The university's history dates back to the foundation of its predecessor colleges in London, St John's College and St Mark's College. The former chapel of St Mark's College, designed by Edward Blore is on the Fulham Road, Chelsea, and is now a private residence.

St Mark's College in Chelsea was founded by the National Society (now National Society for Promoting Religious Education) in 1841. Its first principal, The Reverend Derwent Coleridge, son of the poet Samuel Taylor Coleridge, emphasised the study of Latin and worship in the college chapel. During the First World War, St Mark's College was requisitioned by the War Office to create the 2nd London General Hospital, a facility for the Royal Army Medical Corps to treat military casualties.

Battersea Training College was established in Old Battersea House in 1840 by Sir James Kay-Shuttleworth, together with Edward Carleton Tufnell, as a private teacher training institution. Kay-Shuttleworth transferred the college to the National Society in 1843. The college was renamed as St John's College, Battersea in around 1879.

These colleges merged in 1923, establishing a single institution in Chelsea as the College of St Mark & St John, with the title 'Marjon' first used, adopting the first part of both names. In 1973, the move to Plymouth came due to the college outgrowing the Chelsea campus.

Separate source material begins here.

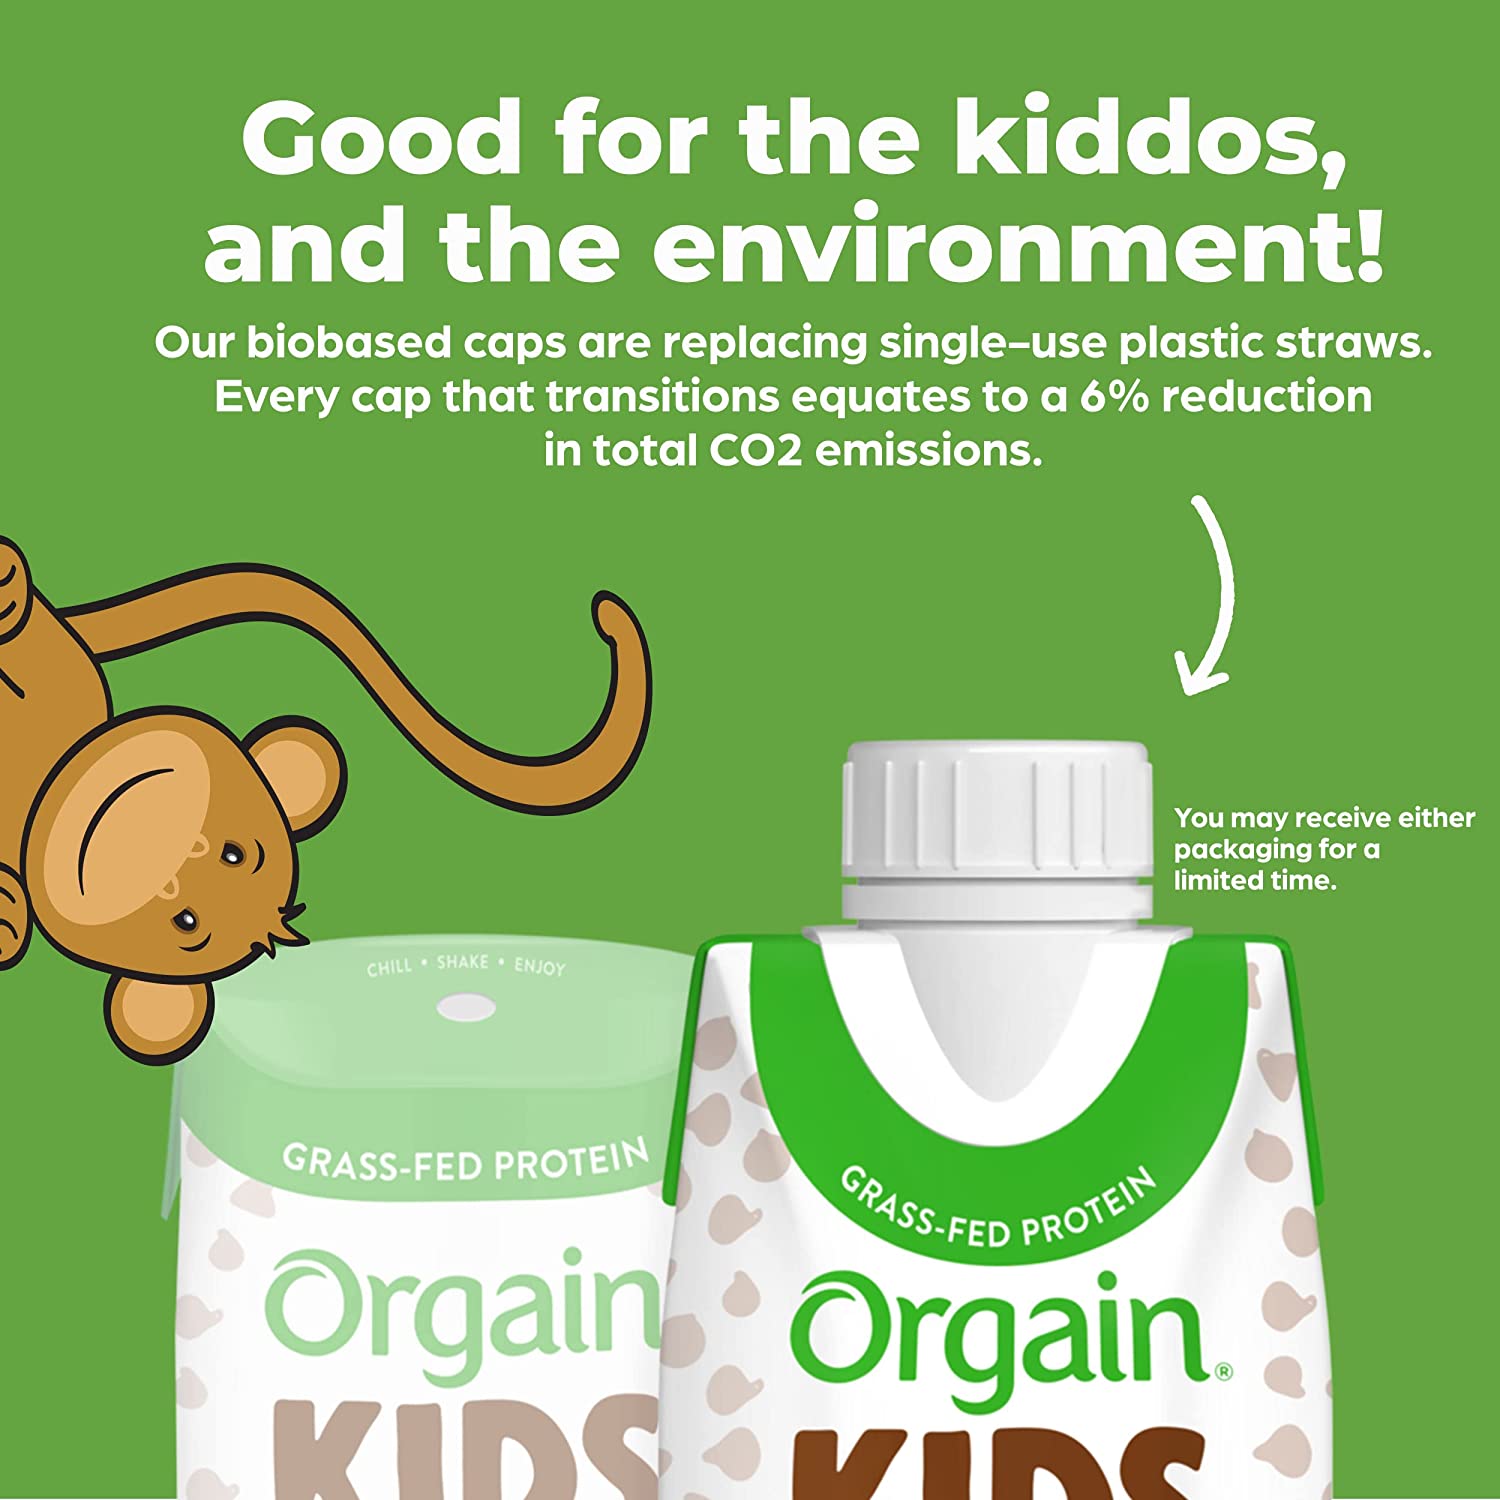 Orgain Organic Kids Protein Nutritional Shake, Chocolate - 8g of

In 1991 the college became affiliated to the University of Exeter, which accredited it to run undergraduate and postgraduate programmes leading to degree awards of the University of Exeter, and in 2007, gained University College status, as the University College Plymouth St Mark & St John. It was awarded full university status as Plymouth Marjon University in 2013.

==Campus==
The university campus is located several miles north of Plymouth city centre, next to Derriford Hospital. Residential accommodation is provided, and all first-year students are guaranteed a place. In 2013 a major investment programme in campus facilities was completed, with new sport and exercise science laboratories, extensive indoor and outdoor sports provision, a theatre, a media centre and a music studio.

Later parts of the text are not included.